La strage di Portella della Ginestra fu un eccidio commesso il 1º maggio 1947 in località Portella della


Ginestra, nel comune di Piana degli Albanesi in provincia di Palermo, da parte della banda criminale del
bandito Salvatore Giuliano che sparò contro la folla di contadini riuniti per celebrare la festa dei
lavoratori, provocando undici morti e numerosi feriti.

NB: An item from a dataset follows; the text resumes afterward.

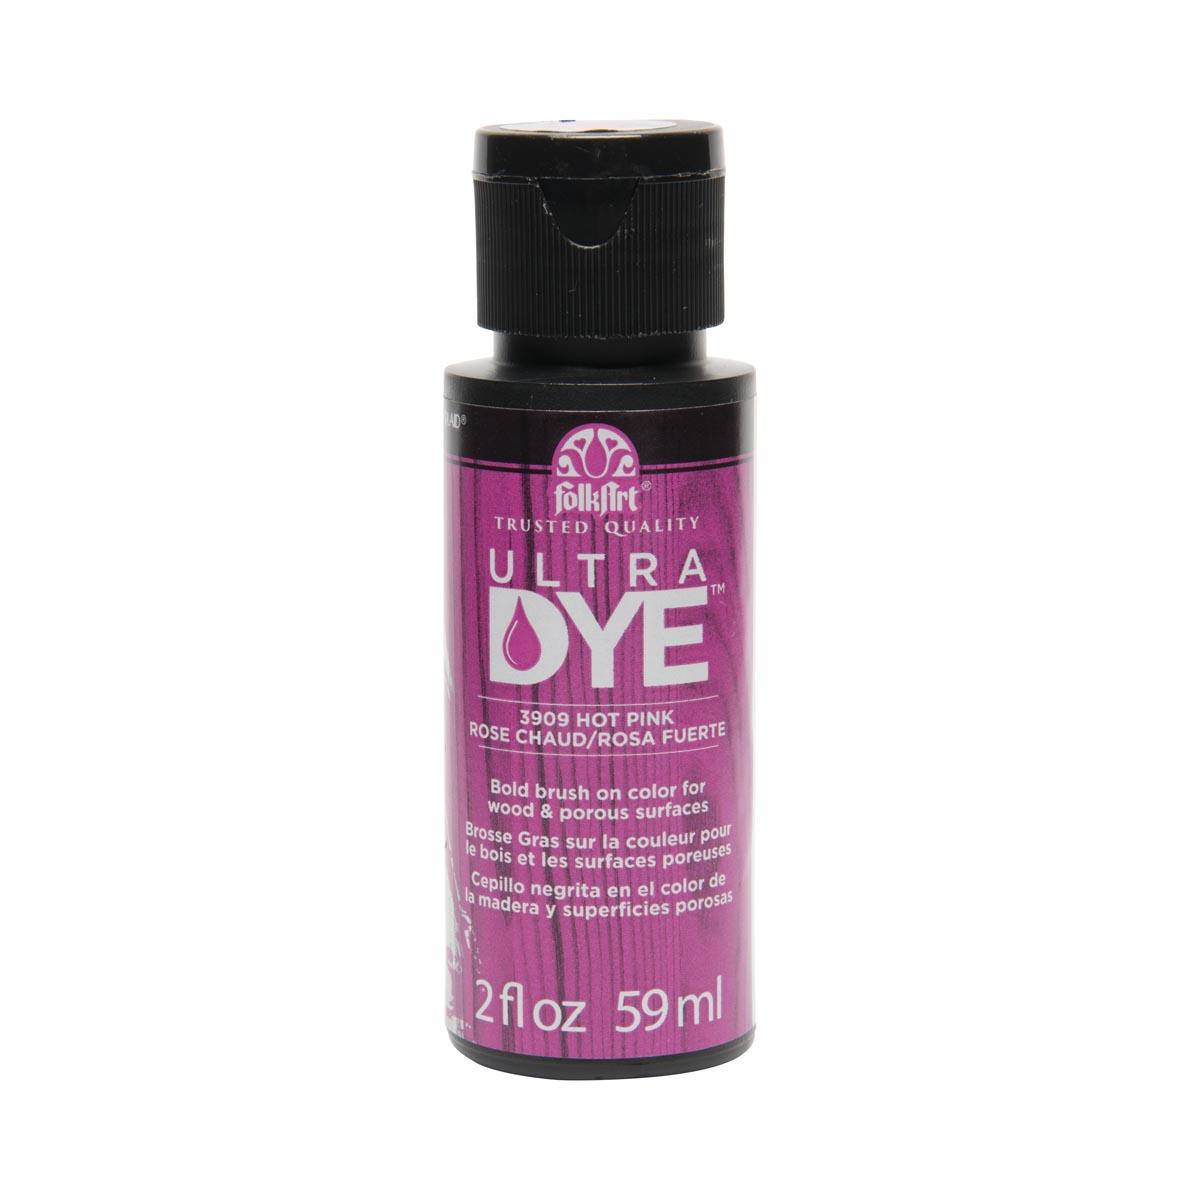 FolkArt ® Ultra Dye™ Colors - Hot Pink, 2 oz. - 3909

Le motivazioni della strage, che nei giorni successivi fu seguita da assalti a sedi dei partiti di sinistra e
delle camere del lavoro della zona, risiedono, oltre che nella dichiarata avversione del bandito nei
confronti dei comunisti, anche nella volontà dei poteri mafiosi e dell'indipendentismo siciliano.
Nonostante non siano mai stati individuati i mandanti, sono certe le responsabilità degli ambienti politici
siciliani interessati a intimidire la popolazione contadina che reclamava la terra e aveva votato per
il Blocco del Popolo nelle elezioni del 1947.

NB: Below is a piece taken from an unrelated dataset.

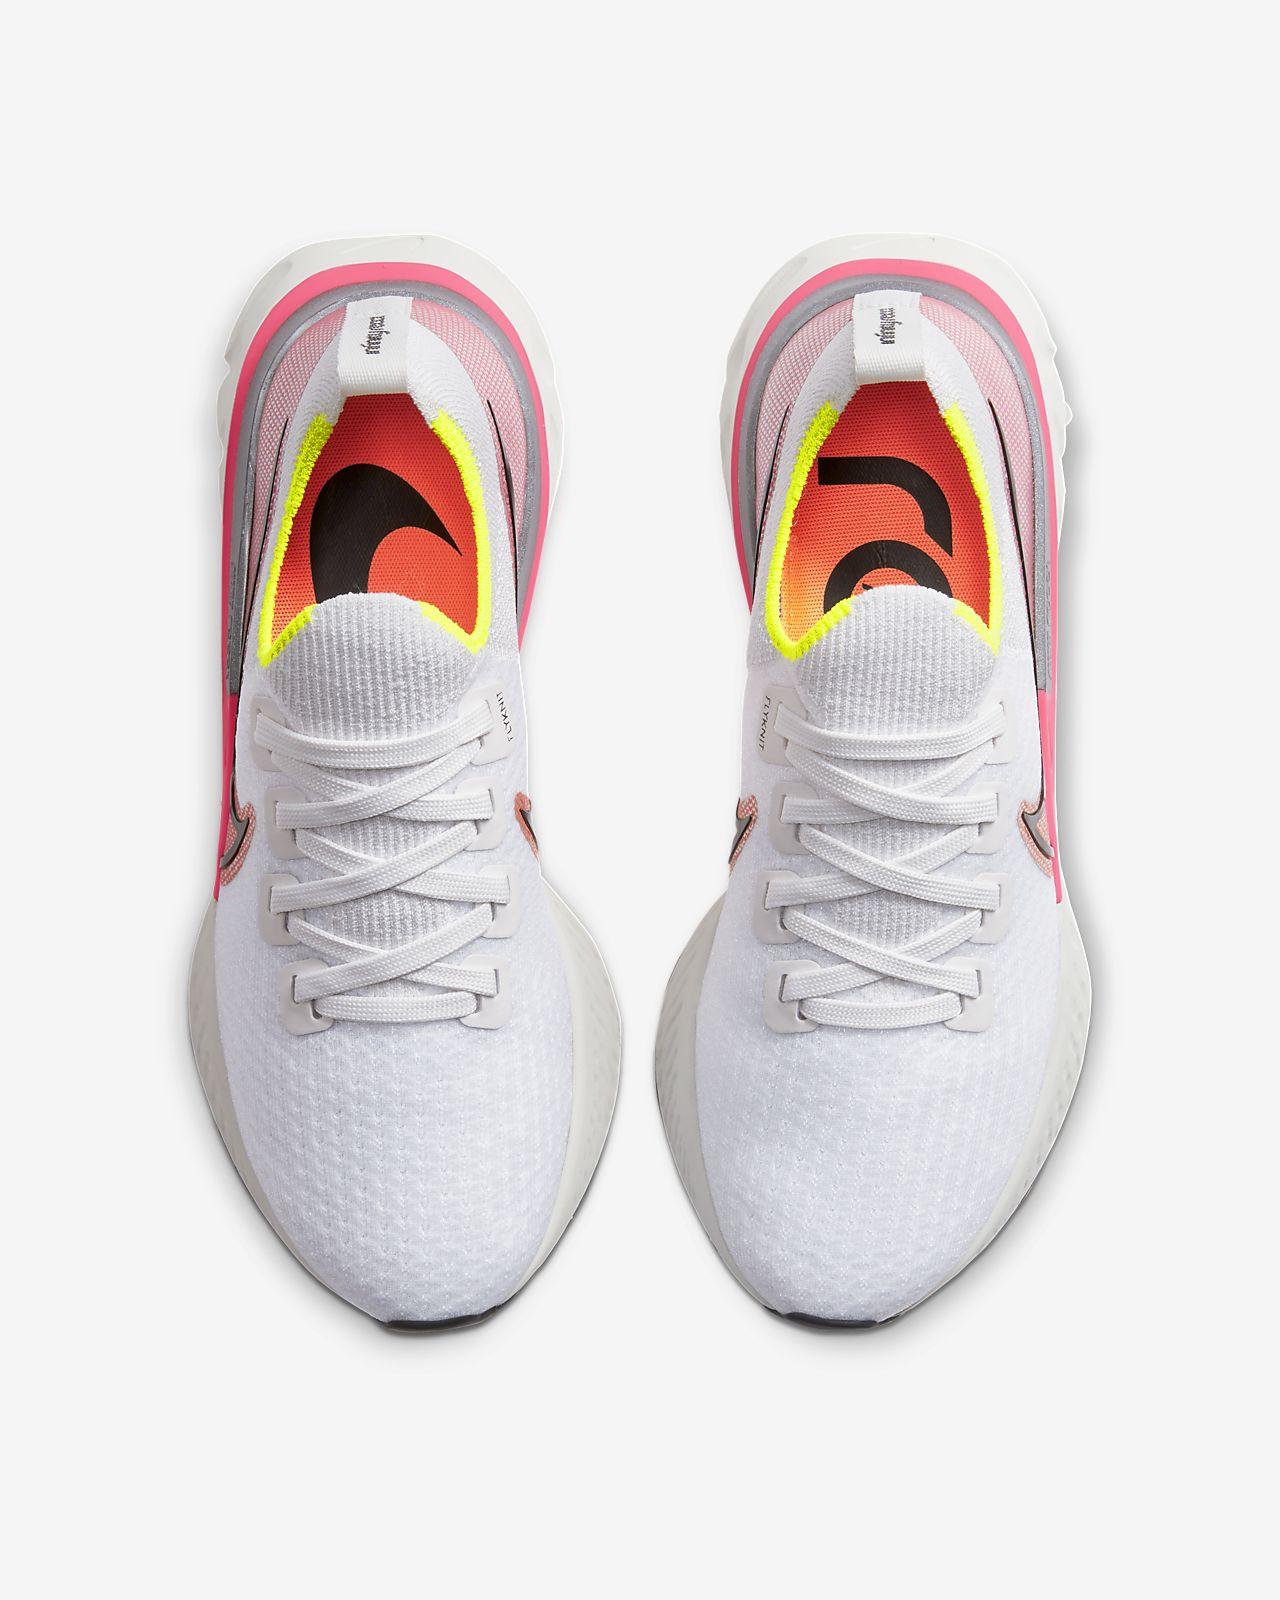 mizuno womens volleyball shoes size 8 x 3 inch medium nike zoom

Nel 1947, all’apertura del secondo dopoguerra, si tornava a festeggiare il 1º maggio la festa dei
lavoratori, spostata al 21 aprile, ossia al Natale di Roma, durante il regime fascista.
Circa duemila i lavoratori della zona di Piana degli Albanesi, e altri da San Giuseppe Jato e San
Cipirello, molti dei quali agricoltori, si erano riuniti a Portella della Ginestra, una località montana del
comune di Piana degli Albanesi per manifestare contro il latifondismo a favore dell'occupazione delle
terre incolte e festeggiare la recente vittoria del Blocco del Popolo, l'alleanza tra i socialisti di Nenni e i
comunisti di Togliatti alle elezioni dell'assemblea regionale siciliana, svoltesi il 20 aprile di quell'anno e
nelle quali la coalizione PSI-PCI aveva conquistato 29 rappresentanti su 90 (con il 32% circa dei voti)
contro i 21 della DC (crollata al 20% circa). La località fu scelta perché alcuni decenni prima vi aveva
tenuto alcuni discorsi Nicola Barbato, una delle figure simbolo del socialismo siciliano. La
manifestazione era incentrata sulla sperata riforma agraria ed era stata preceduta nell'ottobre del 1944
dall'occupazione delle terre incolte che venne legalizzata dal Ministro dell’Agricoltura Fausto Gullo, che
cercava così di sopperire alla povertà diffusa, il quale con alcuni decreti permise l'occupazione dei
terreni non utilizzati imponendo una diversa ripartizione dei raccolti che favoriva maggiormente gli
agricoltori rispetto ai proprietari rispetto alle consuetudini fino ad allora vigenti in Sicilia e che venne
visto come motivo di potenziale rivolgimento sociale che avrebbe alterato gli equilibri politici della
regione gestiti anche dalla mafia.
La strage venne organizzata il giorno prima a seguito di una lettera ricevuta da Salvatore Giuliano e da
lui subito bruciata. Questi, insieme ai suoi uomini, si recarono quindi sul promontorio dal quale si
dominava la vallata; durante il tragitto sequestrarono due ignari cacciatori che avevano incrociato per
caso per evitare che potessero raccontare qualcosa. Verso le 10 del mattino, un calzolaio di San
Giuseppe Iato diede inizio al comizio in sostituzione di Girolamo Li Causi, un deputato del Pci, quando
improvvisamente dal monte Pelavet partirono sulla folla in festa numerose raffiche di mitra, che si
protrassero per circa un quarto d'ora e lasciarono sul terreno undici morti (otto adulti e tre bambini) e
ventisette feriti, di cui alcuni morirono in seguito per le ferite riportate. I primi colpi erano stati
inizialmente scambiati per dei mortaretti, ma anche quando ci si rese conto della loro reale natura, la
mancanza di ripari impedì a molti di mettersi in salvo.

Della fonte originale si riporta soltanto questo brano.